Hair Storm Project Series – Table of Contents

The articles in this hail damage roof replacement series are:

This project series will help you negotiate the best roofing contract and show you what to expect during the roof tear-off and installation process.

Hail Storm Roof Shingle Damage

My asphalt shingle roof sustained hail damage during a severe thunderstorm. The damage was not an emergency causing roof leak right now, rather it was functional damage affecting the life of the shingles that if not repaired could cause a leak over time. It was late afternoon when a thunderstorm rolled in from the west. I thought nothing of it until I heard what sounded like gravel pelting the windows – it was hailing large stones over 1 inch in diameter.

I went out to the covered front porch and took video of the storm with my iPhone. The storm quickly intensified with high winds, pouring rain and large hail. The hail stripped leaves from the trees, filling the air.

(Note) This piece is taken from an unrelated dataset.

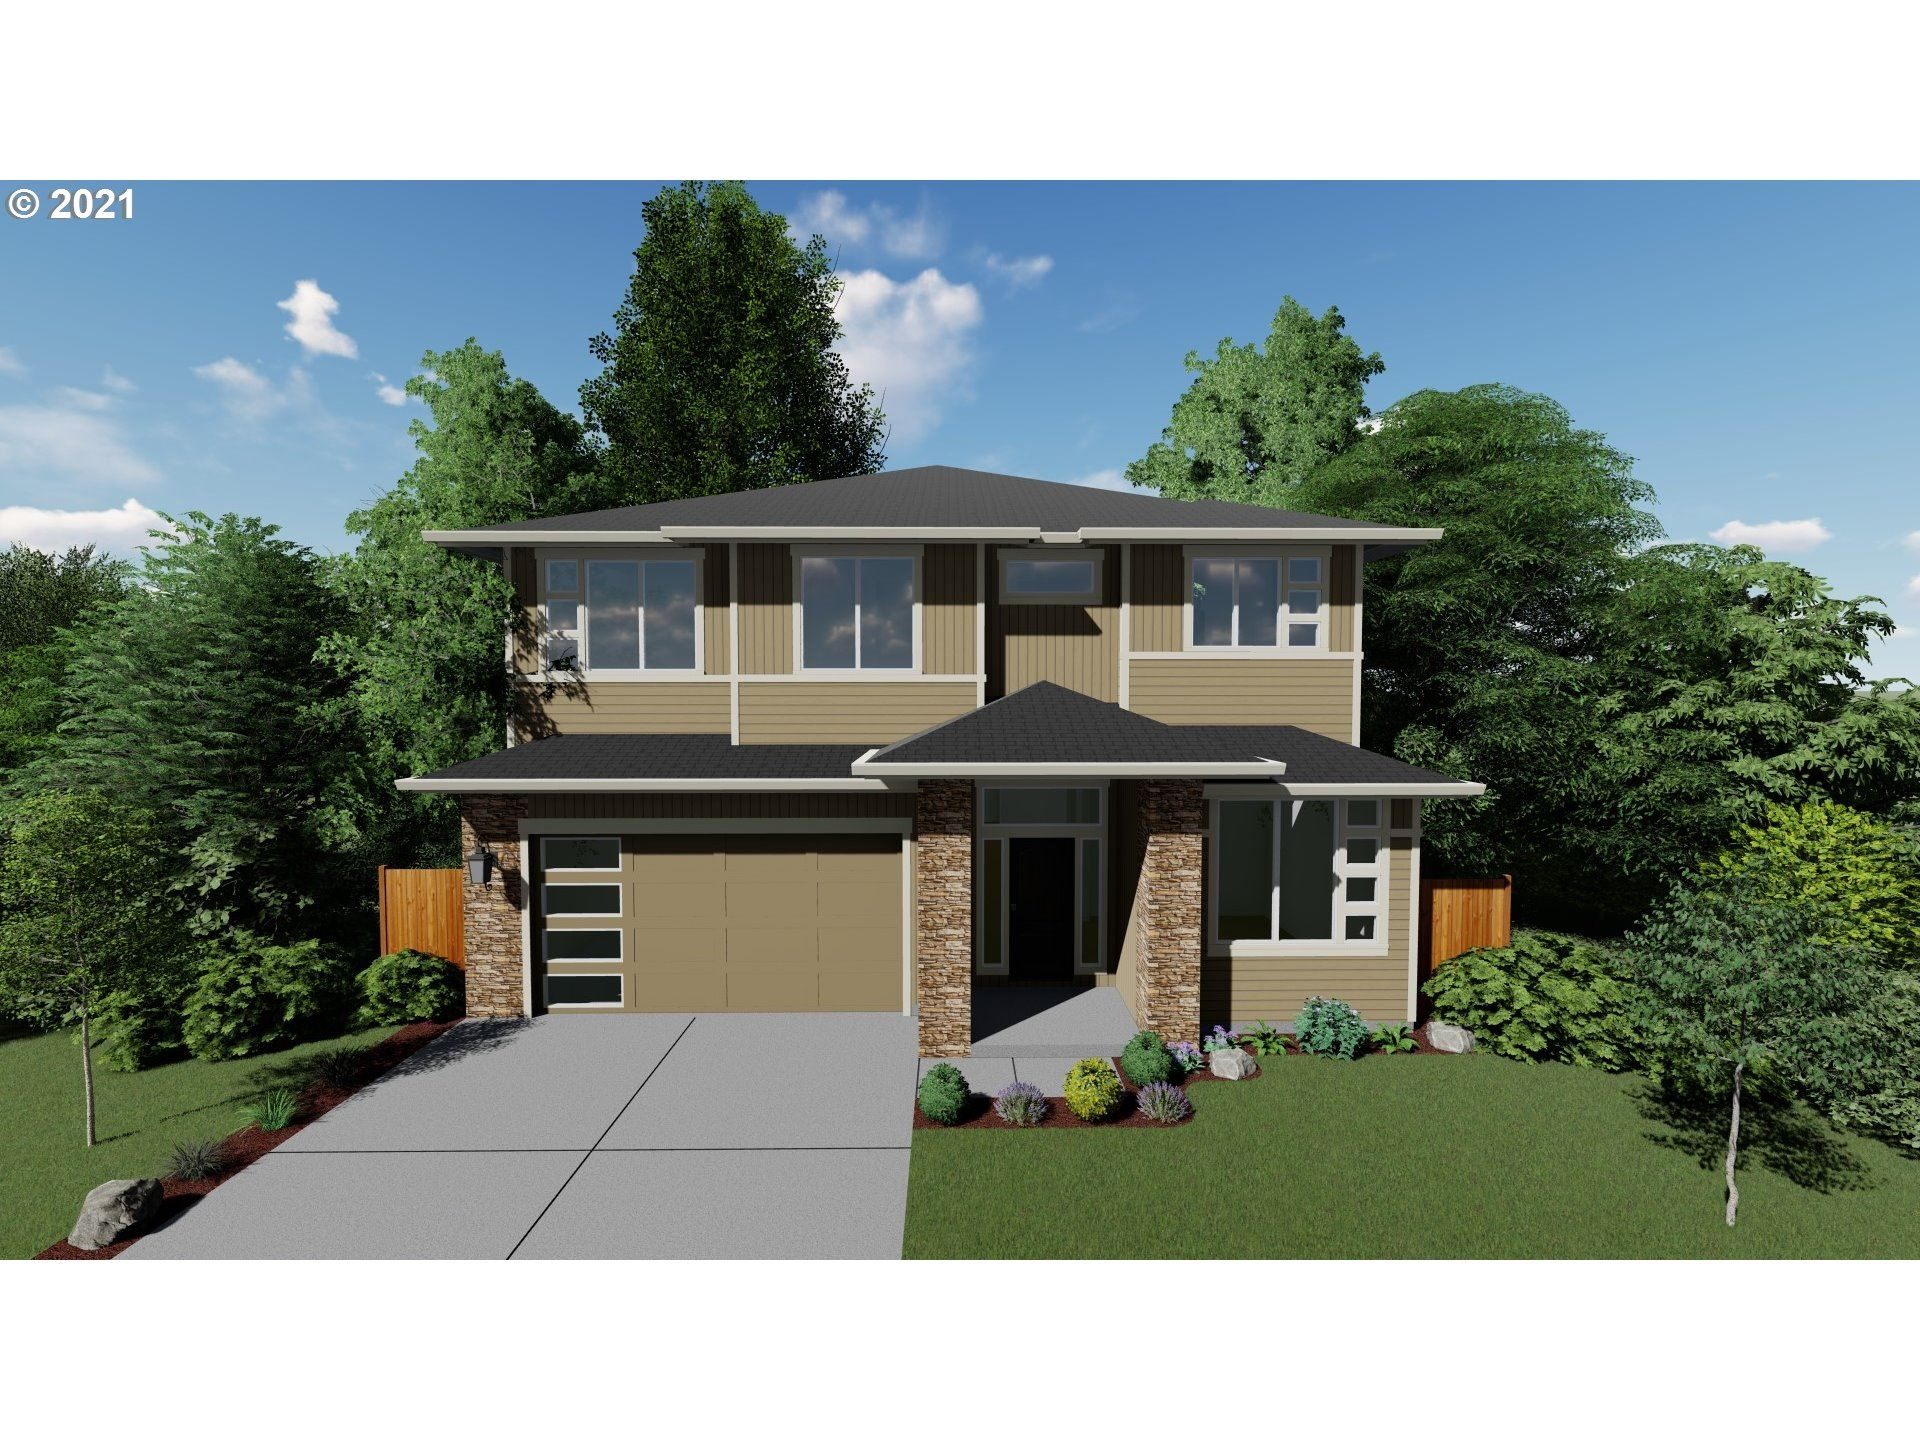 16657 NW Crossvine ST #Lt131, Portland, OR 97229 - MLS#: 21384475

My guess is the winds were 50 mph or 60+ mph and I was worried a tornado might be approaching.

Thunderstorm with High Winds and Hail

After the storm, I measured hail stones up to 1-1/2 inches in diameter of various shapes and sizes:

1-1/4 inch Hail Stones

The west side of the house facing the storm was covered with hail-shredded leaves blown by the strong winds:

Shredded Leaves Blown Against the House by the Hail Storm

What to do After a Hail Storm

Note the date and time of the storm. Your insurance claims manager will ask for the date & time of the loss and the storm event can be correlated with reports from the local weather and public safety authorities.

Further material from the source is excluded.